What do you know about thoracoscopic radical esophageal cancer surgery?

  After nearly a decade of accumulation, the first thoracoscopic radical esophageal cancer surgery in Shenzhen was completed yesterday. The patient’s lesion was located at the level of the aortic arch, with a diameter of 2cm, and did not invade the muscular layer. Four small holes of 1.5cm in diameter were made in the chest, and the whole esophagus was freed and the mediastinal lymph nodes were cleared in 1 hour and 45 minutes. The stomach was freed open and a gastric tube was made and pulled to the neck for anastomosis.  Conventional esophageal cancer surgery involves a 20cm incision in the chest and sometimes cutting off the rib cage, which causes heavy pain, slow recovery and much drainage.

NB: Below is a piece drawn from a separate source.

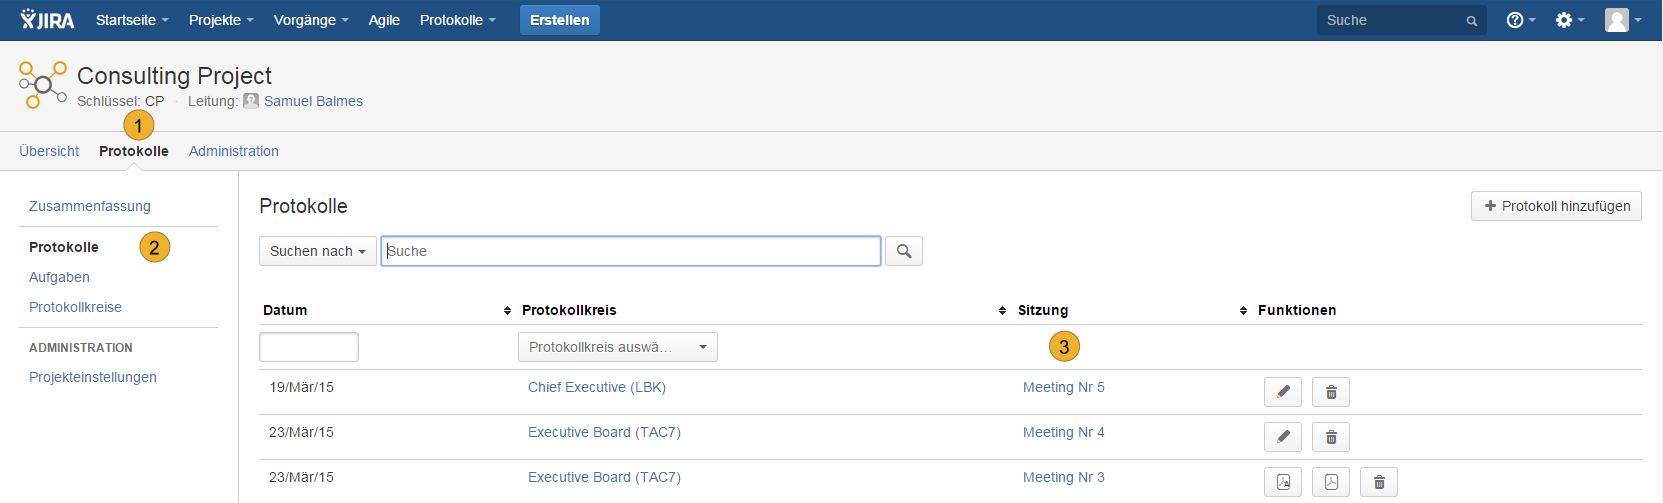 AgileMinutes - Übersicht Protokolle / Besprechungen

In contrast, thoracoscopic surgery is not only a small incision, but also a small trauma, and the patient’s chest drainage is less than 100ml on the first day, which is incomparable to open-heart surgery.  In the past ten years, through continuous participation in domestic minimally invasive thoracic surgery societies, we have been absorbing the latest advances in minimally invasive thoracic surgery at home and abroad, starting from pulmonary herpes, from a few hours at the beginning to ten minutes for the main operation steps, gradually performing thoracoscopic underhand sweating, lung wedge resection, mediastinal tumor resection, thymoma resection, to full thoracoscopic lobectomy in the last two years, to yesterday’s full thoracoscopic esophageal cancer From the last two years, the whole thoracoscopic lung lobectomy to yesterday’s whole thoracoscopic esophageal cancer radical surgery, we have walked step by step and have many feelings. The main point is to put the patient’s interest as the center and progress step by step.